North Carolina hired Michael Malone, a former NBA coach, to lead the basketball program, paying him $50M over six years. It’s the school’s first move “outside the family” in decades and he’ll be the fifth new coach in the ACC next season.
Michael Malone, 54, had a 24-year NBA coaching career (12 as a head coach with 10 in Denver where he won a championship in 2023) and is described as a selfless teacher and innovator who can move UNC to a higher level. He wanted to be “part of something bigger than myself,” Malone said in his first remarks here after taking the job.
He has spent seven seasons in the college coaching ranks, serving as an assistant coach at Oakland University under Greg Kampe, at Providence and Virginia under Pete Gillen and Manhattan College, where he was the lead assistant for two seasons.
His contract allocates $2M annually for assistants and staff. News reports said he’ll retain former UNC assistants Sean May, Pat Sullivan, Eric Hoots and hire Chuck Martin, a recruiting wiz at Arkansas, as the associate head coach. They worked together at Manhattan.

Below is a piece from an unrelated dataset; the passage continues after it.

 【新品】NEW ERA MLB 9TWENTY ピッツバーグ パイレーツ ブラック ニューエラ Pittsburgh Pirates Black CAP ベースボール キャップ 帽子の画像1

The three most important features UNC was looking for in a new head coach, according to the N&O, “They need to be an elite teacher, innovator, strategist and leader.”
“They need to kind of display and possess the character and integrity that’s consistent with our university and our principles.”

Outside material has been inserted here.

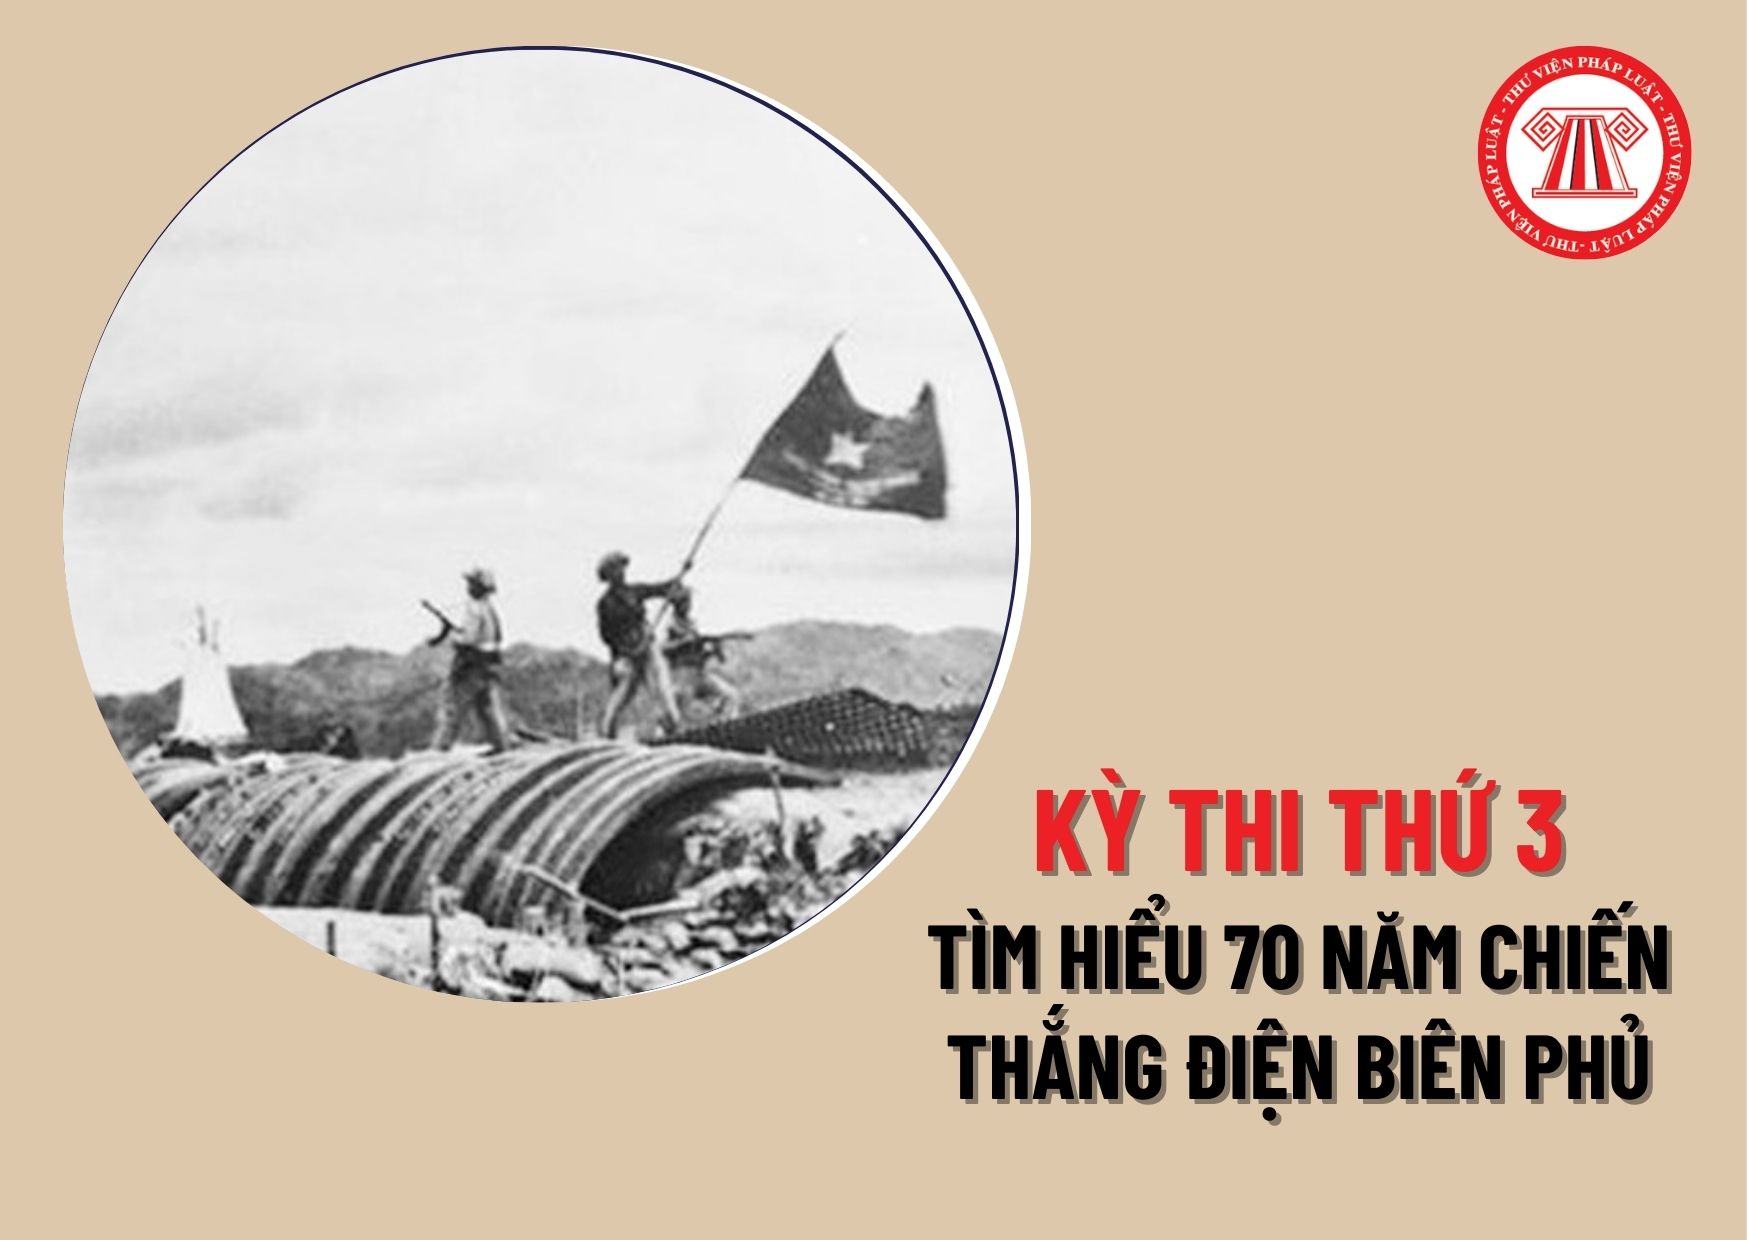 Kỳ thi thứ 3 về tìm hiểu 70 năm chiến thắng Điện Biên Phủ và 65 năm Ngày mở đường Hồ Chí Minh - Ngày truyền thống Bộ đội Trường Sơn diễn ra khi nào?

“They need to believe in—not just acknowledge and recognize—they need to believe in the importance of the Carolina family and the Carolina tradition and what that means to the UNC community.”
Malone exemplified all of these traits, incoming UNC AD Steve Newmark said. His experience “warrants that type of compensation,” and “if you look at where he has been compensated in the NBA, he’s taking this [cut] because he’s passionate about it.”
Malone was fired by the Nuggets in 2025, and has worked for ESPN as an analyst since. His daughter is a UNC sophomore and volleyball player.